Peggy Whitson, a retired NASA astronaut turned private space explorer, safely splashed down in the Pacific Ocean early on Tuesday, marking her fifth journey to the International Space Station (ISS). She was joined by her crewmates from India, Poland, and Hungary, who were returning from their respective countries’ inaugural ISS missions.
A SpaceX Crew Dragon capsule, carrying the four-member team, parachuted into the calm waters off the Southern California coast at approximately 2:30 AM PDT (0930 GMT). This controlled descent followed a fiery reentry through Earth’s atmosphere, capping a 22-hour journey from orbit.
This return flight concluded the fourth ISS mission organized by Axiom Space, a Texas-based startup, in collaboration with SpaceX, the private rocket venture founded by billionaire Elon Musk and headquartered near Los Angeles. The entire return process was broadcast live via a joint SpaceX-Axiom webcast.
Two sets of parachutes, faintly visible through the darkness and light fog with infrared cameras, effectively slowed the capsule’s final descent to about 15 mph (24 kph) just moments before its splashdown near San Diego.
Minutes prior, the spacecraft had streaked through Earth’s lower atmosphere like a mechanical meteor. This generated immense frictional heat, causing external temperatures on the capsule to soar to 3,500 degrees Fahrenheit (1,927 degrees Celsius). Despite this extreme heat, the astronauts’ flight suits are specifically designed to keep them cool within the cabin.
Diverse Crew and Record-Setting Career
The Axiom-4 crew was commanded by Peggy Whitson, 65, who retired from NASA in 2018 after a distinguished career. Her pioneering achievements include becoming the US space agency’s first female chief astronaut and the first woman to command an ISS expedition.
Immediately after their splashdown, Whitson radioed to mission control that the crew was “happy to be back.” A recovery ship was promptly dispatched to secure the capsule and hoist it from the ocean onto the vessel’s deck. Crew members were then extricated one by one for medical checkups before being ferried to shore, a process anticipated to take about an hour.

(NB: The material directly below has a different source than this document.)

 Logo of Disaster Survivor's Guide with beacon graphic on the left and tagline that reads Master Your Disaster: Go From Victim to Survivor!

Currently serving as the Director of Human Spaceflight for Axiom Space, Whitson has now accumulated 695 days in space, a US record. This cumulative time spans her three previous NASA missions, a fourth orbital flight as commander of the Axiom-2 crew in 2023, and her fifth mission to the ISS commanding Axiom-4.

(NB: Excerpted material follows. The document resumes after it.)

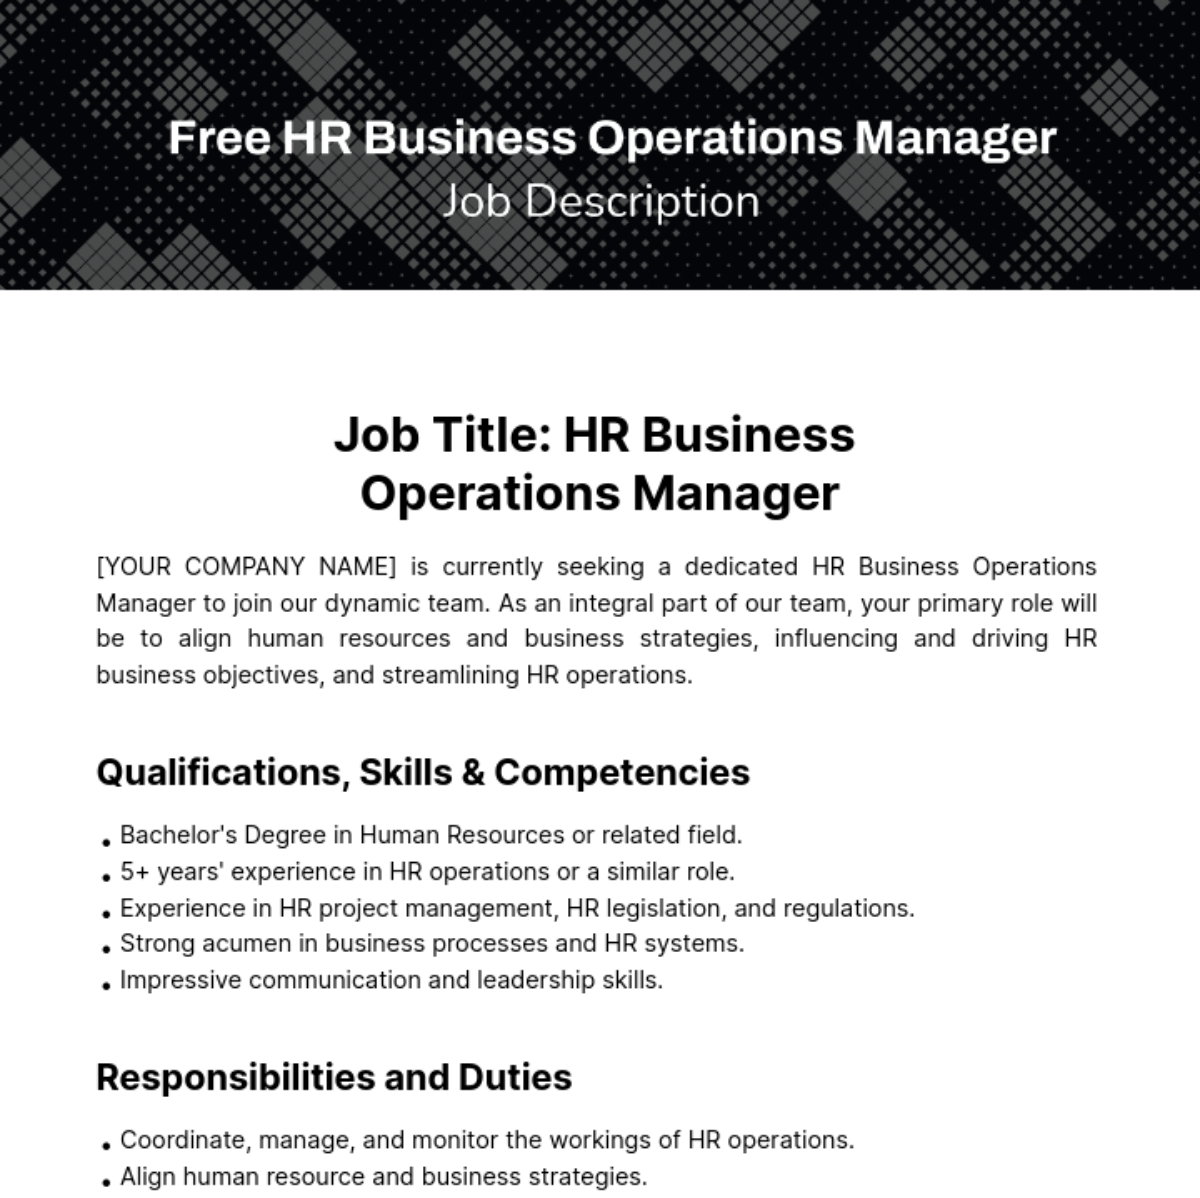 Free HR Business Operations Manager Job Description Template

Completing the Axiom-4 crew were Shubhanshu Shukla, 39, from India; Slawosz Uznanski-Wisniewski, 41, from Poland; and Tibor Kapu, 33, from Hungary.

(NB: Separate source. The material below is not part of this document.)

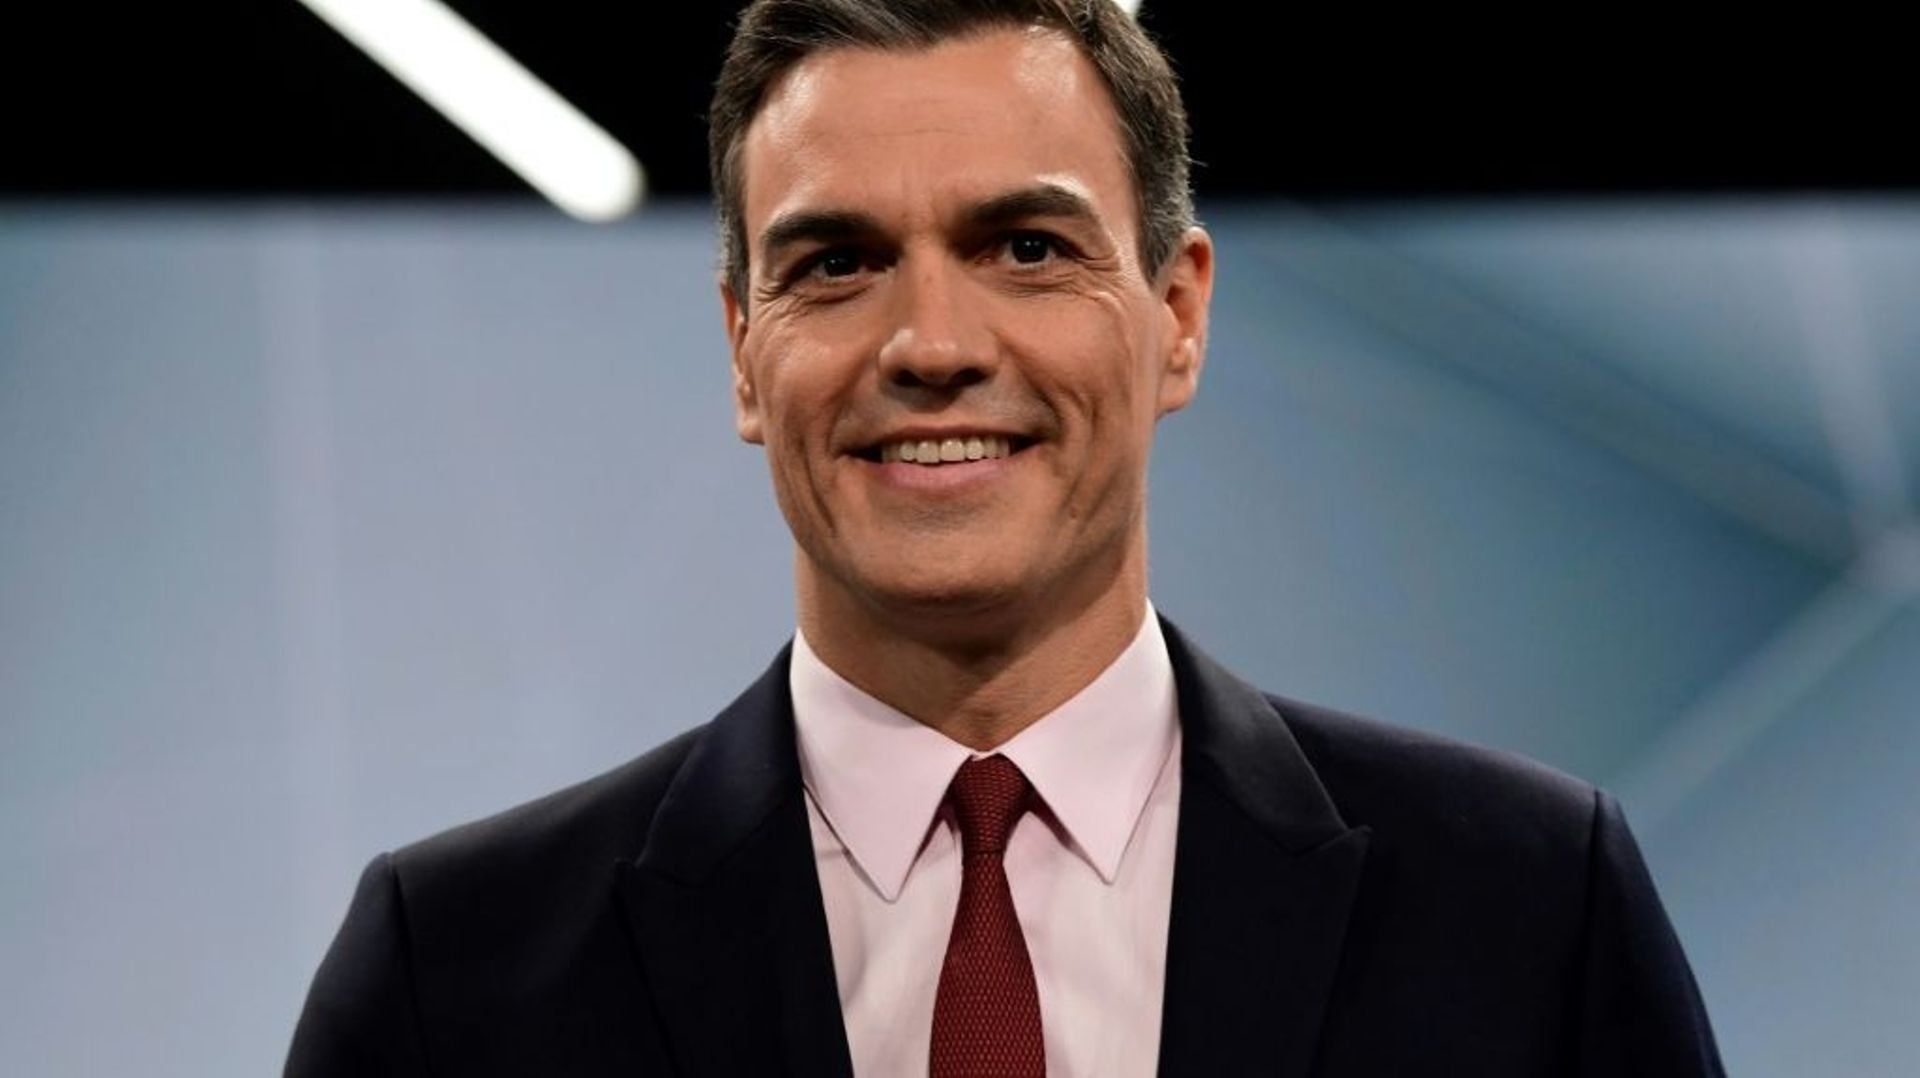 President of Government of Spain congratulates President Ilham Aliyev on election win

They returned with a significant cargo of science samples derived from over 60 microgravity experiments conducted during their 18-day visit to the ISS. These samples are slated for shipment to researchers on Earth for final analysis.
For India, Poland, and Hungary, this mission marked their respective countries’ first human spaceflight in over 40 years, and critically, the first time astronauts from their government-funded space programs have ventured to the ISS.
Significance for Future Space Exploration
The participation of Shubhanshu Shukla, an Indian Air Force pilot, is viewed by India’s space program as a precursor to the debut crewed mission of its Gaganyaan orbital spacecraft, which is planned for 2027.
Uznanski-Wisniewski is a Polish astronaut assigned to the European Space Agency, while Kapu is part of Hungary’s Hungarian to Orbit (HUNOR) program. Notably, he is not the first person of Hungarian descent to visit the space station; billionaire Charles Simonyi, a Hungarian-born software designer who became a US citizen, previously visited the ISS twice as a space tourist in 2007 and 2009 via Russian Soyuz capsules. However, unlike Simonyi and other wealthy individuals who self-funded their space travel, Shukla, Uznanski-Wisniewski, and Kapu were flying on behalf of their respective nations’ government space programs.
Dubbed “Grace” by its crew, the newly commissioned Crew Dragon capsule used for Axiom-4 launched from NASA’s Kennedy Space Center in Cape Canaveral, Florida, on June 25, becoming the fifth vehicle in SpaceX’s Crew Dragon fleet.
The Ax-4 team arrived at the ISS on June 26, where they were welcomed by the station’s current rotating crew of seven occupants: three US astronauts, one Japanese crewmate, and three Russian cosmonauts. The two crews parted ways early on Monday as Crew Dragon Grace undocked to begin its journey home.
Axiom-4 also signifies the 18th crewed spaceflight successfully logged by SpaceX since 2020. That year, Elon Musk’s company ushered in a new era for NASA by providing American astronauts with their first rides to space from US soil since the conclusion of the space shuttle program nine years prior.
For Axiom Space, a 9-year-old venture co-founded by NASA’s former ISS program manager, this mission further solidifies its business model of facilitating human spaceflight for astronauts sponsored by private companies and foreign governments into low-Earth orbit.
Axiom is also among a select group of companies actively developing its own commercial space station, intended to eventually replace the ISS, which NASA anticipates retiring around 2030.